Wage and price controls are almost always controversial. Like attempts to control expenditures, they often create more problems than they solve. We will examine both sides of the issue, starting with the argument in favor of controls.
Figure 4.2 The Effect of an Excise Tax When Demand is More Elastic Than Supply
If demand is much more elastic than supply, the quantity purchased will decline significantly when supply decreases from S1 to S2 in response to the added cost of the excise tax. Producers will lose $0.20; consumers will pay only $0.05 more.
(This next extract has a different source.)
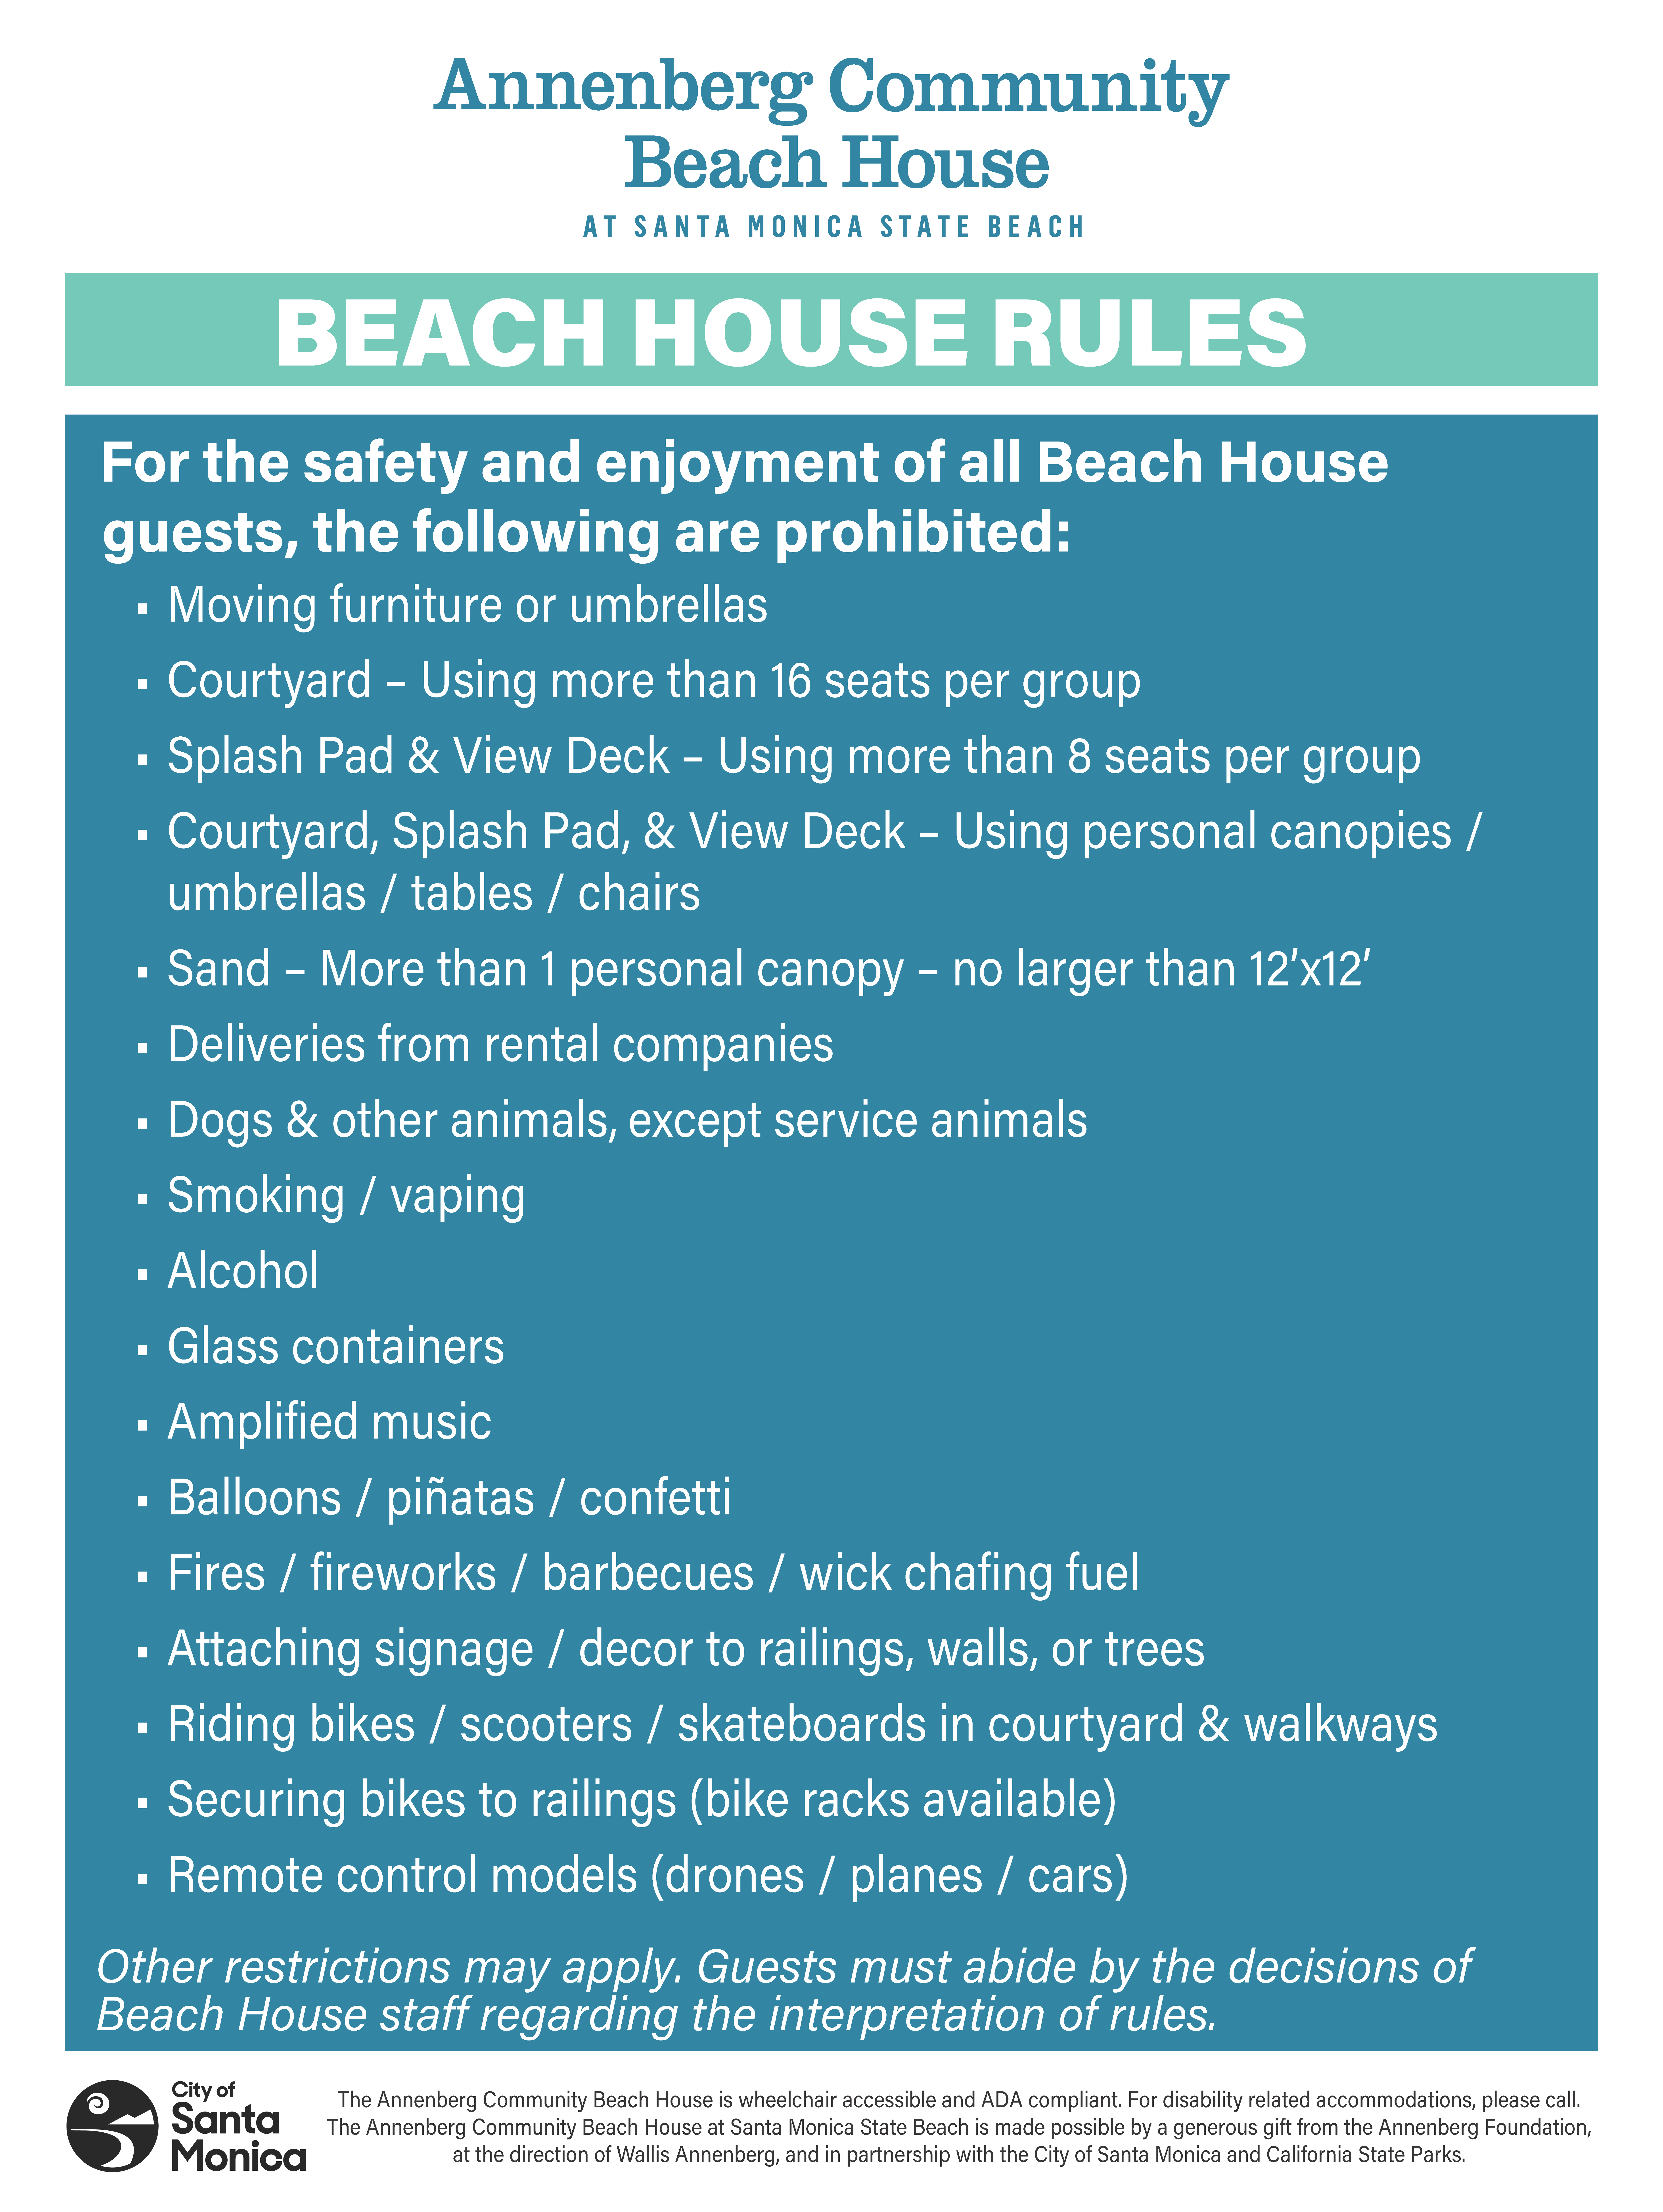 Beach House Rules 2022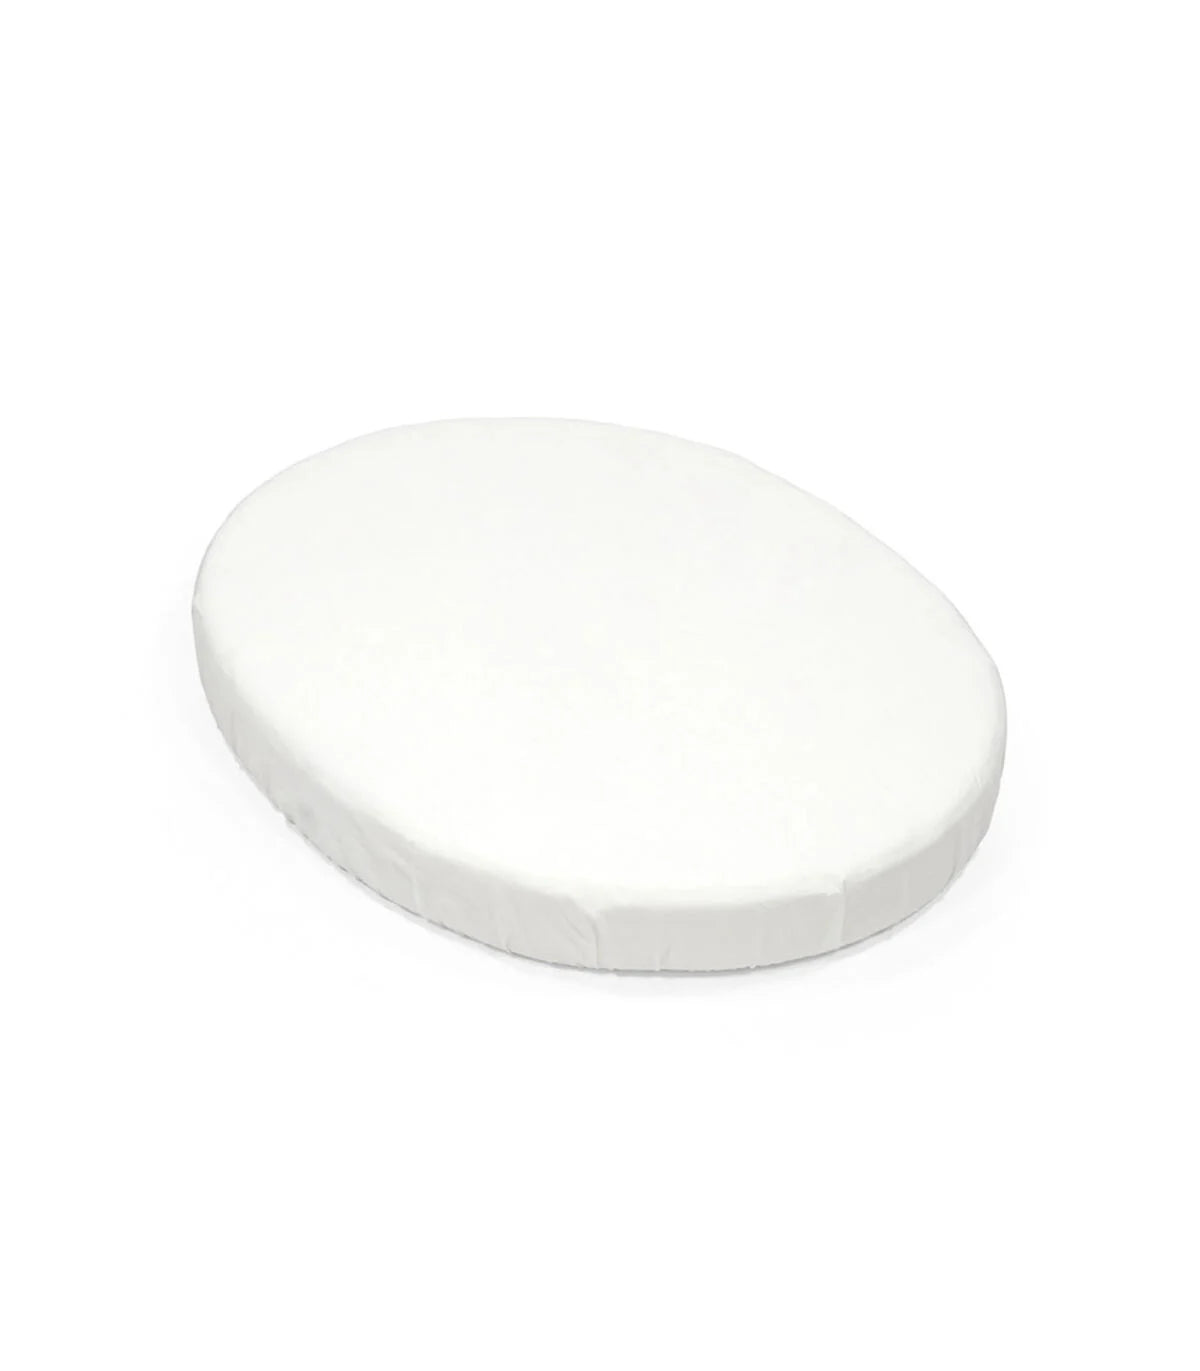 STOKKE® Sleepi™ mini sábana bajera ajustable

The Case for Price Controls
The case for price ceilings on particular products is complex. On the most basic level, many people believe that prices should be controlled to protect citizens from the harmful effects of inflation. When prices start to rise, redistributing personal income and disrupting the status quo, it seems unfair. Price controls may seem especially legitimate to people, like the elderly, who must live on fixed incomes, and have little means of compensating for the effects of price increases on goods like oil and gas.
Unearned Profits
Many proponents of price controls view the supply curve for a controlled good as essentially vertical. They believe that a price rise will not affect the quantity produced. Consumers will get nothing more in the way of goods, but producers will reap a windfall profit. Instead of an incentive to produce more, profit is seen as an economic rent—an exploitative surplus received by companies fortunate enough to be in the market at the right time.
Administered Prices
A technical argument for price controls is most often advanced by economists and public officials. Many economists maintain that a significant segment of the business and industrial community—the larger firms that control a sizable portion of industry sales— no longer responds to the forces of supply and demand. Firms in highly concentrated industries like steel, automobiles, computers, and tobacco can override market forces by manipulating their output so as to set price levels. Furthermore, they can manage the demand for their products through advertising campaigns. With market forces ineffective, control must come from the government. Price controls are the only way to avoid the production inefficiencies and inequitable distribution of income that result from concentration of industry. As John Kenneth Galbraith, a leading advocate of price controls, has put it, “Controls are made necessary because planning has replaced the market system. That is to say that the firm and the union have assumed the decisive power in setting prices and wages. This means that the decision no longer lies with the market and thus with the public.”1
Monopoly Power
Later in the course, we will see how a monopolist can be expected to restrict output in order to push up its price in order to earn greater profits. The case for price controls under monopoly conditions is, for many advocates of controls, a matter of “fairness.” The controls give back to consumers what they “deserve” in terms of lower prices. However, as we will see, under monopoly conditions, if the producer is forced to charge a (somewhat) lower price, the producer will rationally choose to increase the output level. Hence, price controls benefit consumers in two ways, first through lower prices and then through greater output.